2022 Latest Caselaw 3214 Tel

Citation : 2022 Latest Caselaw 3214 Tel
Judgement Date : 1 July, 2022

Telangana High Court
The Reliance General Insurance Co ... vs Penchala Sathya Rama Rao, ... on 1 July, 2022
Bench: G Sri Devi
                  THE HON'BLE JUSTICE G. SRI DEVI

                     M.A.C.M.A. No. 3266 of 2014

JUDGMENT:

The Reliance General Insurance Company Limited, respondent

No. 3 before the Tribunal, preferred this appeal challenging the award

and decree, dated 02.06.2014, passed in M.V.O.P.No. 331 of 2011 on

the file of the Chairman, Motor Accident Claims Tribunal-cum-Judge,

Family Court-cum-Additional District Judge at Karimnagar.

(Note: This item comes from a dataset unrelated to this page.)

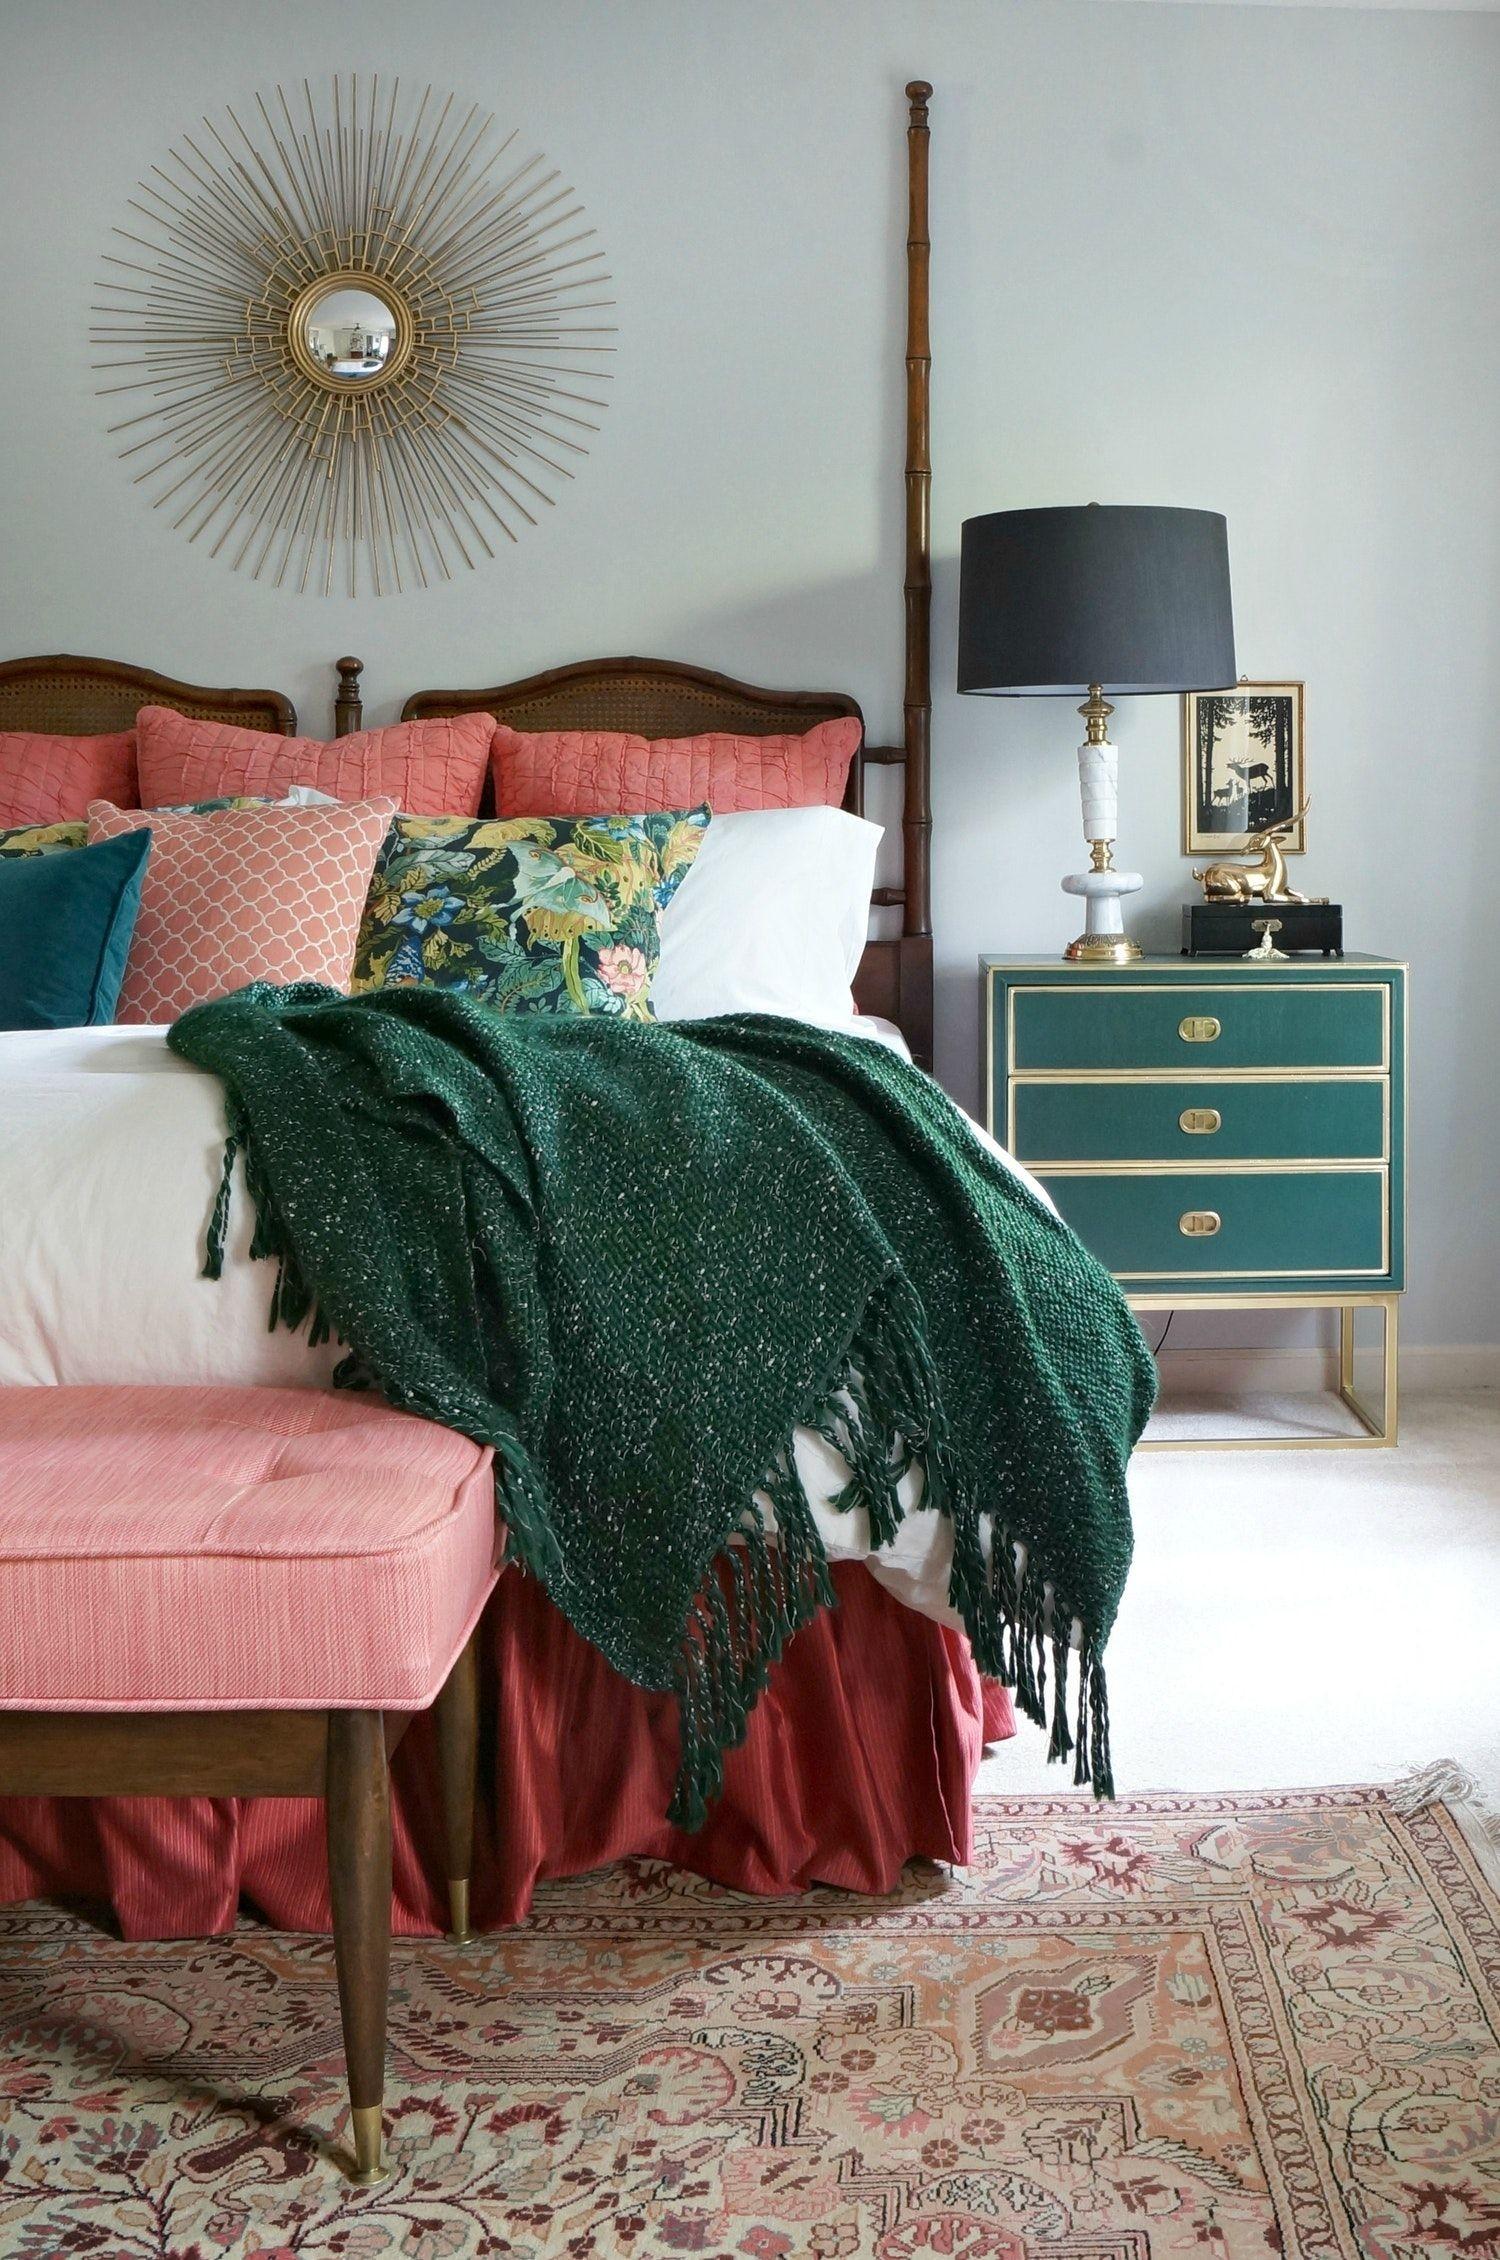 8-brilliant-jewel-tone-bedroom-decor-how-to-decorate-with-jewel-tones-red-bedding-jewel-tones-and-bedrooms.jpg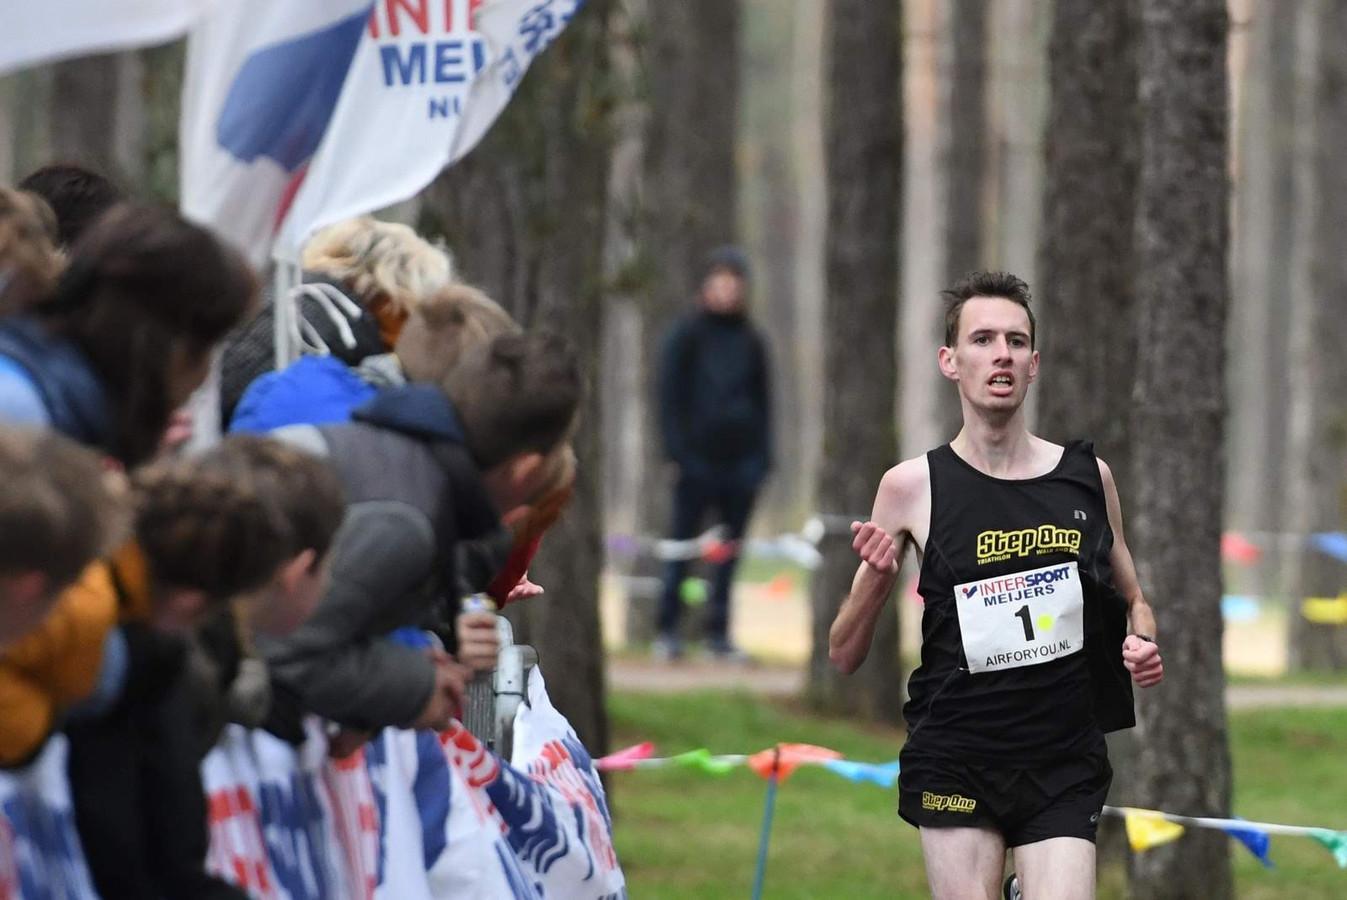 Danny Koppelman, de winnaar van 2019, kan zijn titel in de Zandenplasloop dit jaar niet verdedigen.

The claimant, respondent No. 1 herein, filed the O.P. claiming

compensation of Rs.1,60,000/- for the injuries sustained by him in the

motor accident that occurred on 18.04.2009. According to the claimant,

on the fateful day, while he was proceeding on his moped, the driver of

the tractor and trailer bearing No. AP 15N 814/815 i.e. respondent No. 2

herein, owned by respondent No. 3 herein and insured with the

appellant, drove the tractor negligently, lost control over the tractor and

touched the moped, as a result of which, the claimant received severe

injuries. He had to undergo surgery in Prathima Institute of Medical

Sciences and was inpatient for 20 days and incurred a sum of

Rs.70,000/- towards medical expenses. Therefore, he laid a claim for

Rs.1,60,000/- against the driver, owner and insurer of the offending

vehicle. Considering the claim and the counters filed by the driver,

owner and the Insurance Company, appellant herein, and on evaluation

of the evidence, both oral and documentary, the learned Tribunal has

allowed the O.P. in part and awarded total compensation of Rs.87,534/-

with 7.5% interest per annum, holding the owner of the offending

vehicle and the insurance company jointly and severally liable to pay the

compensation.

Now, the main contention of the learned Standing Counsel for the

appellant is that the learned Tribunal ought to have considered the

evidence of R.W.1 and the contents of Exs.B. 2, driving licence of the

driver of the offending vehicle, which clinchingly establish that the driver

of the offending vehicle was not having a valid driving license to drive

the offending vehicle, which is a transport vehicle and as there was

breach of terms and conditions of the insurance policy by the owner of

the offending vehicle, the learned Tribunal ought not to have fastened

liability on the Insurance Company. Therefore, it is contended that in

the circumstances of the case, the learned Tribunal ought to have

directed the Insurance Company to pay the compensation in the first

instance and granted liberty to recover the same from the owner of the

offending vehicle, for breach of terms and conditions of the policy.

On the other hand, learned counsel appearing for respondent No.

1-claimant, contended that the compensation awarded by the learned

Tribunal is just and reasonable and needs no interference by this Court.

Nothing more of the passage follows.